___ Information supplied

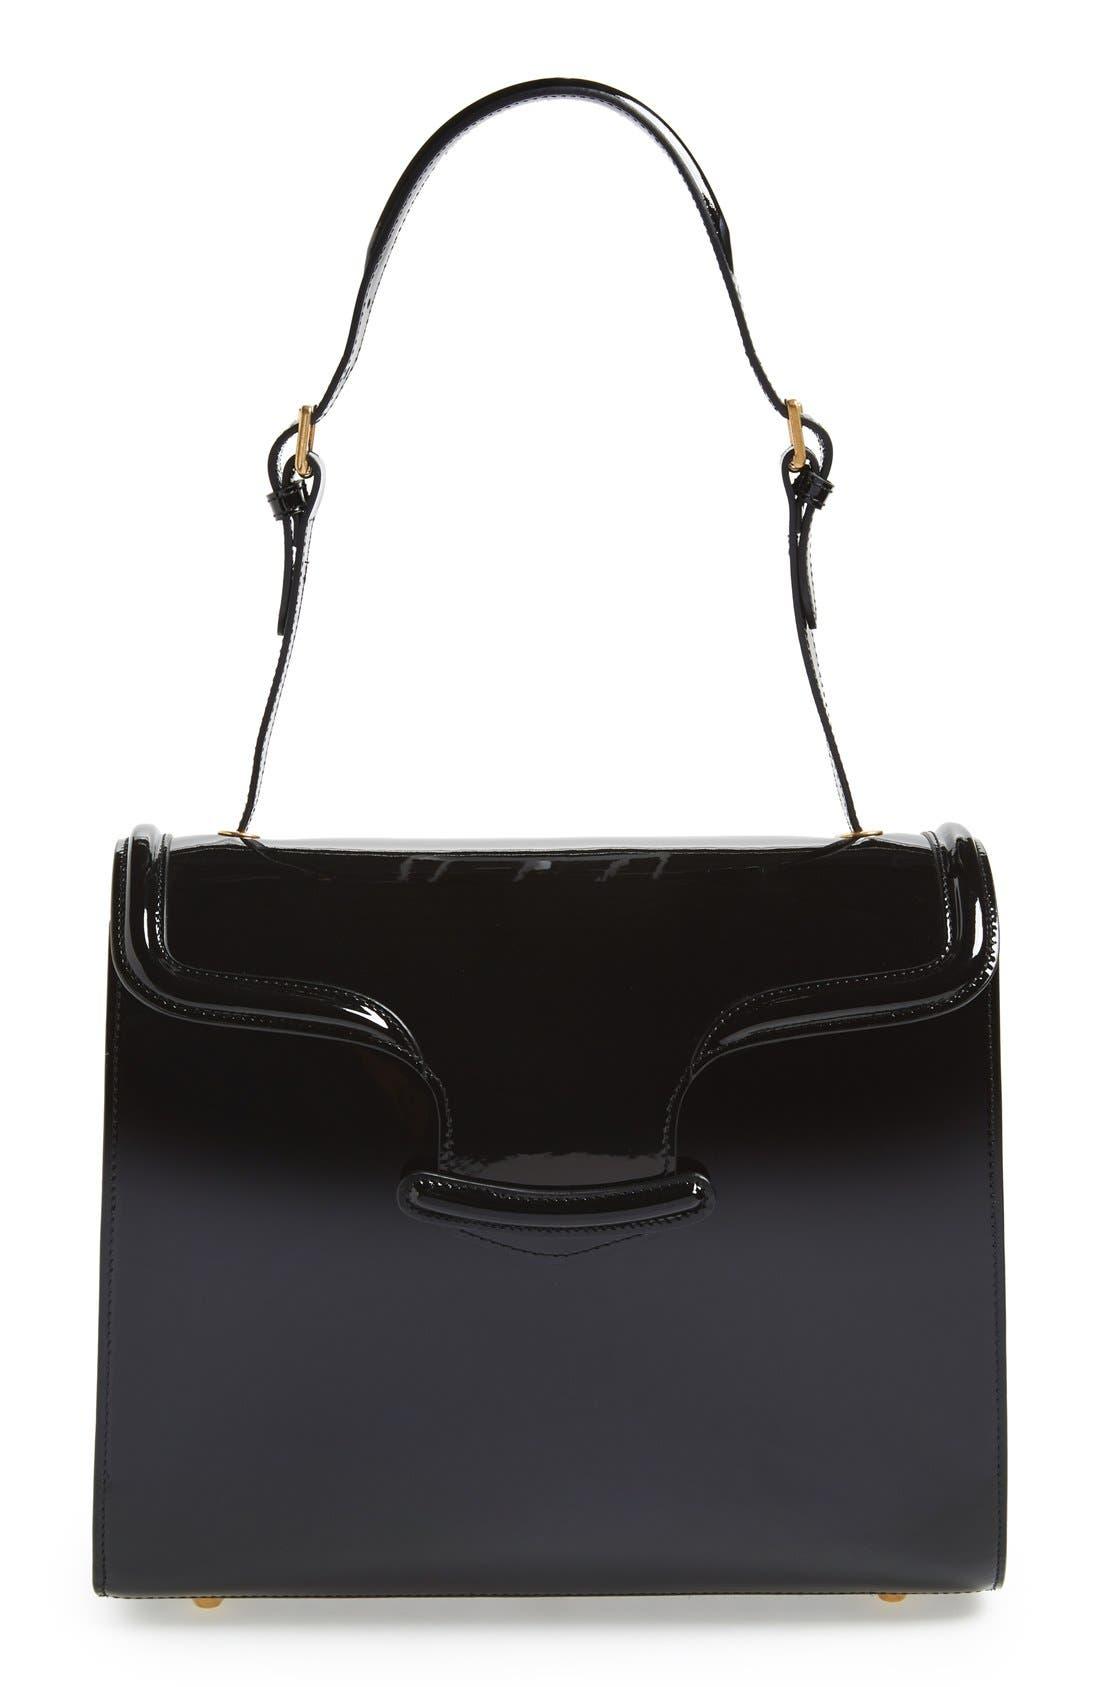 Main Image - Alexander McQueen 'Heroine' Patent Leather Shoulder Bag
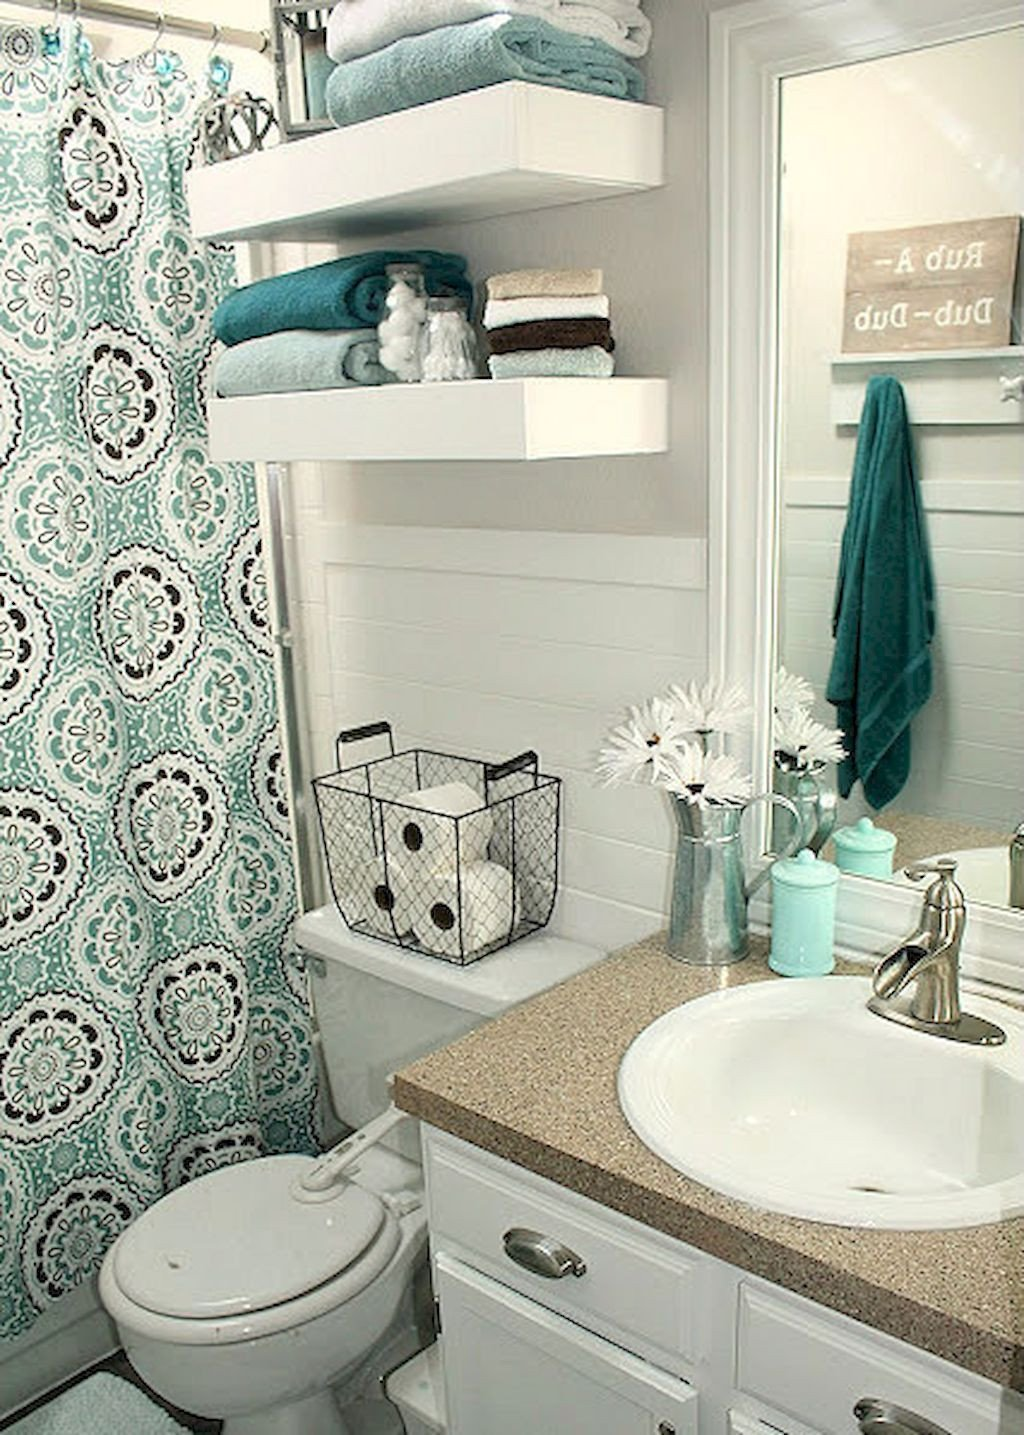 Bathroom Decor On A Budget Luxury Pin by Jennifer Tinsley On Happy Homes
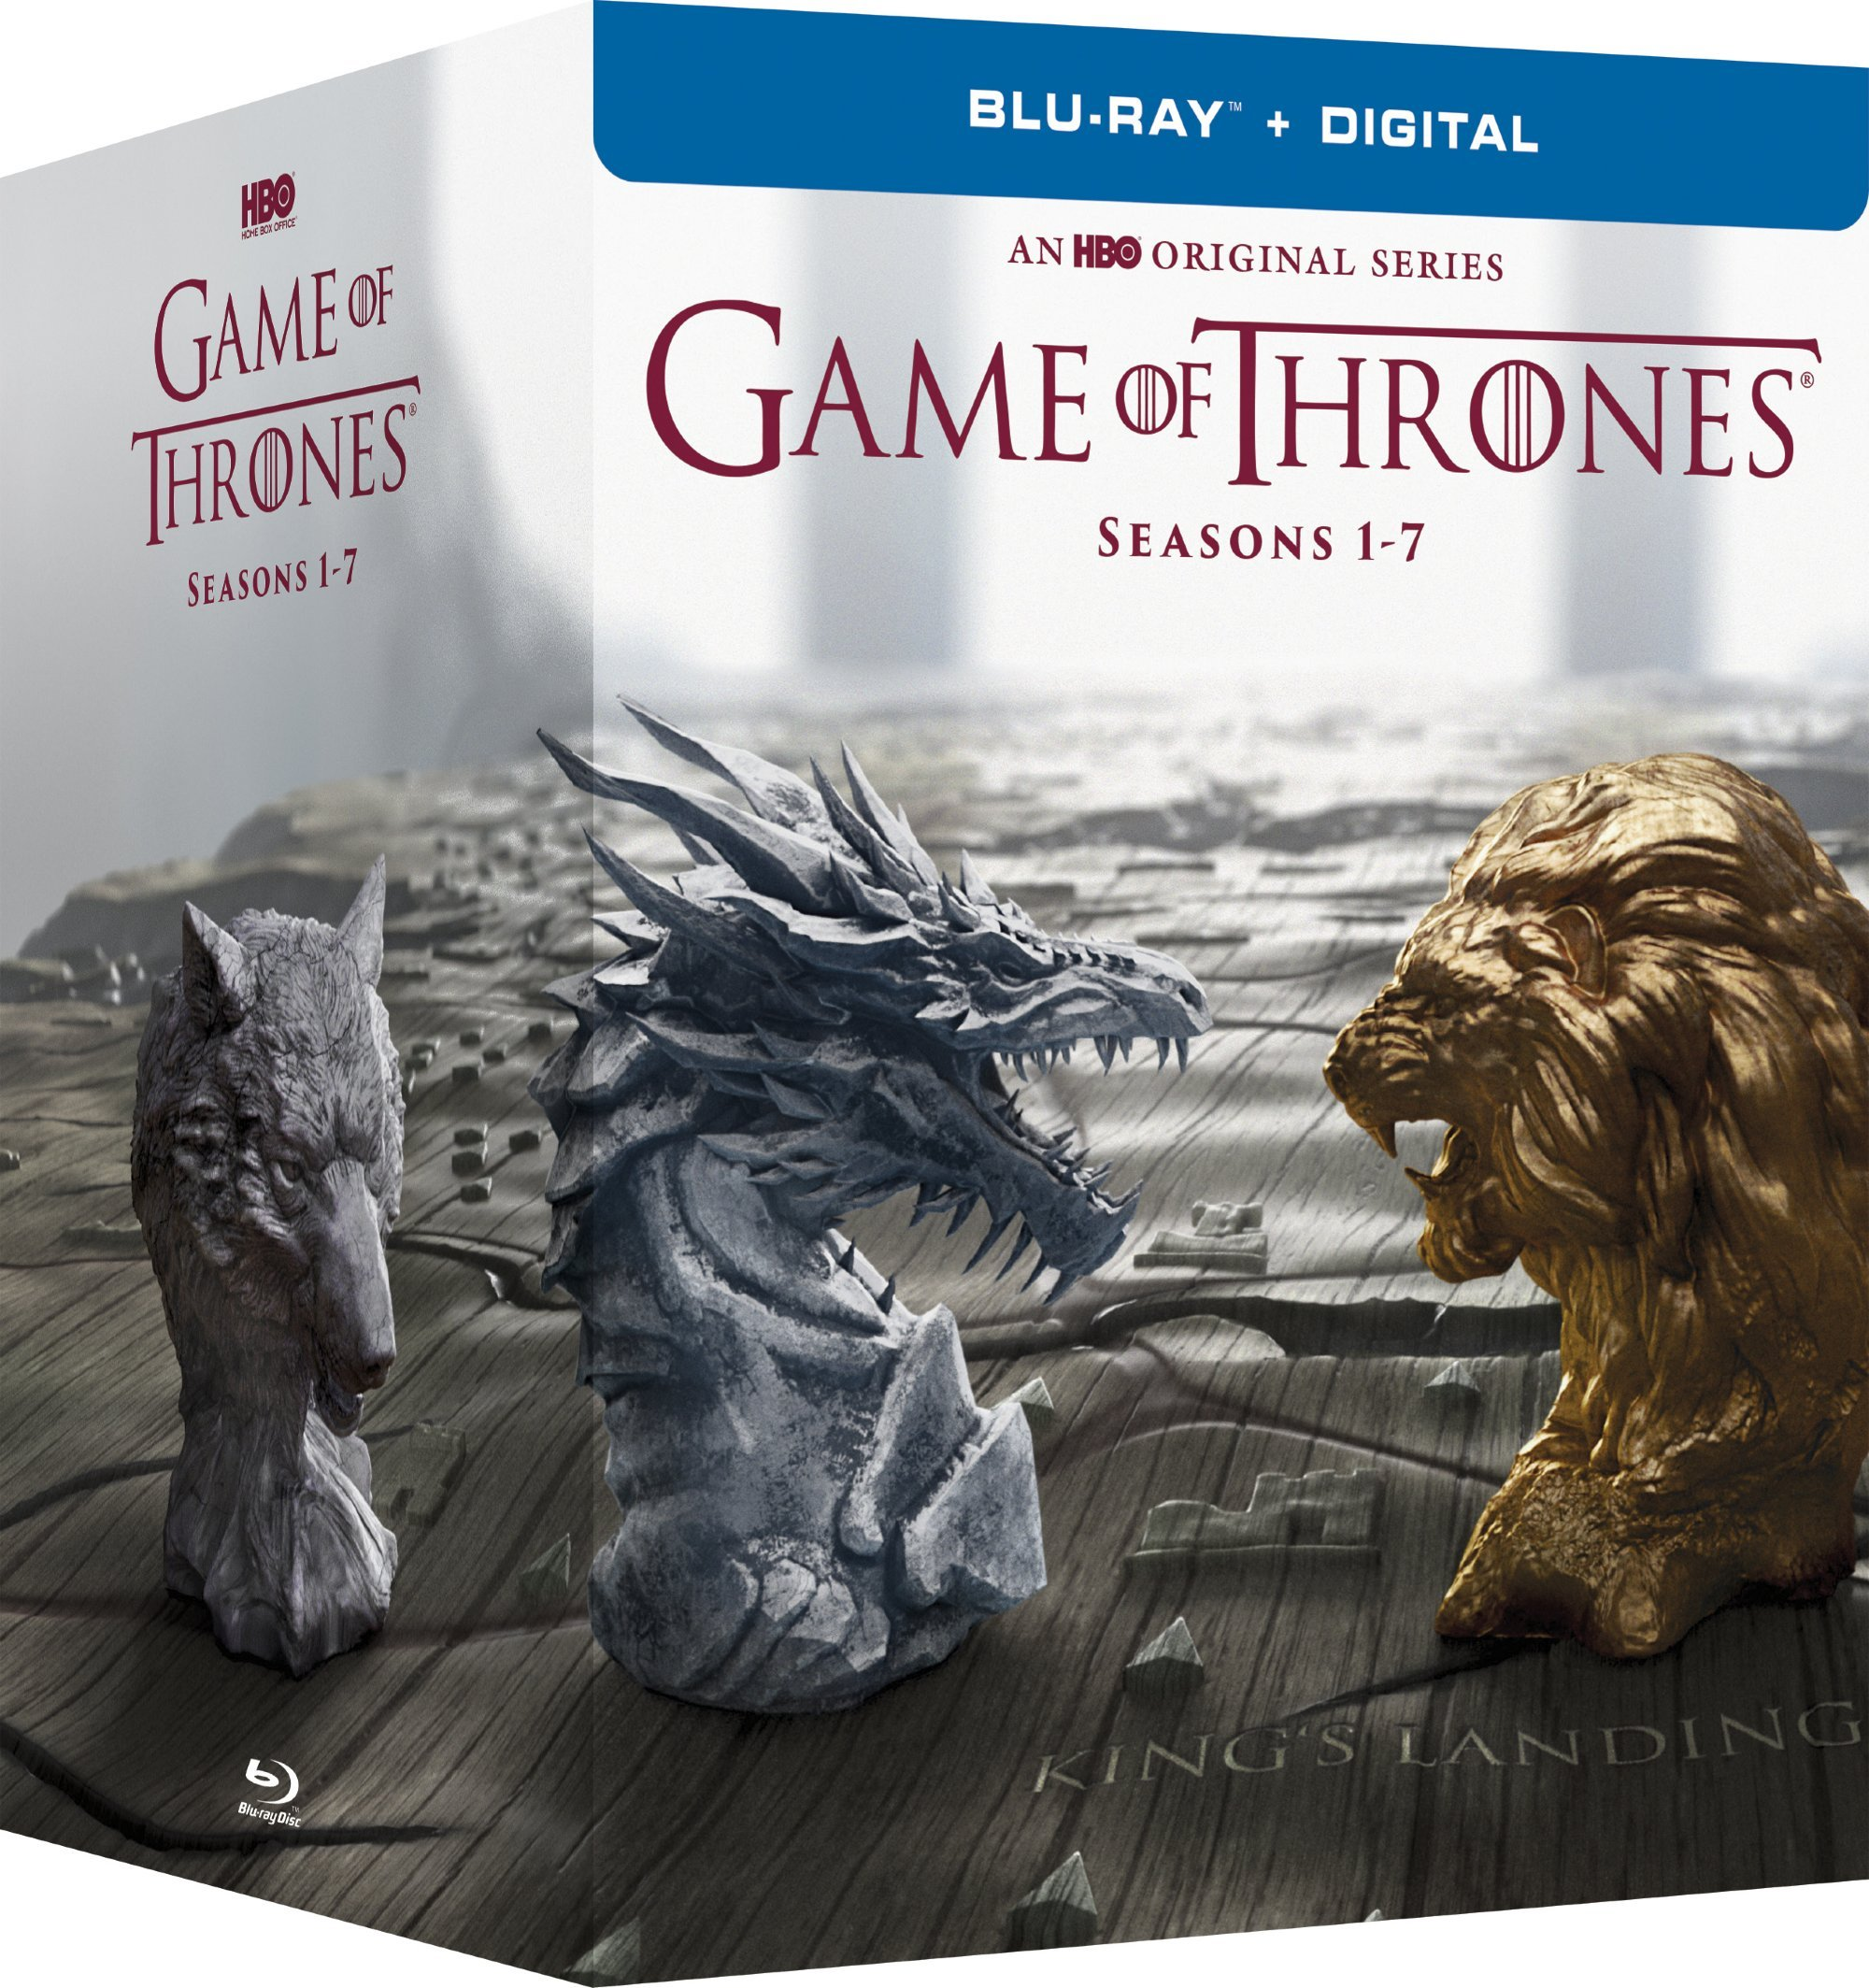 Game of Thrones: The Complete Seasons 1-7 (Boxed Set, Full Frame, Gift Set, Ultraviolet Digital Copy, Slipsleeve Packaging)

______

### Problem description
Everything in the material goes into the copy exactly, except the images.

### The completed task
 Main Image - Alexander McQueen 'Heroine' Patent Leather Shoulder Bag
 Bathroom Decor On A Budget Luxury Pin by Jennifer Tinsley On Happy Homes
 Game of Thrones: The Complete Seasons 1-7 (Boxed Set, Full Frame, Gift Set, Ultraviolet Digital Copy, Slipsleeve Packaging)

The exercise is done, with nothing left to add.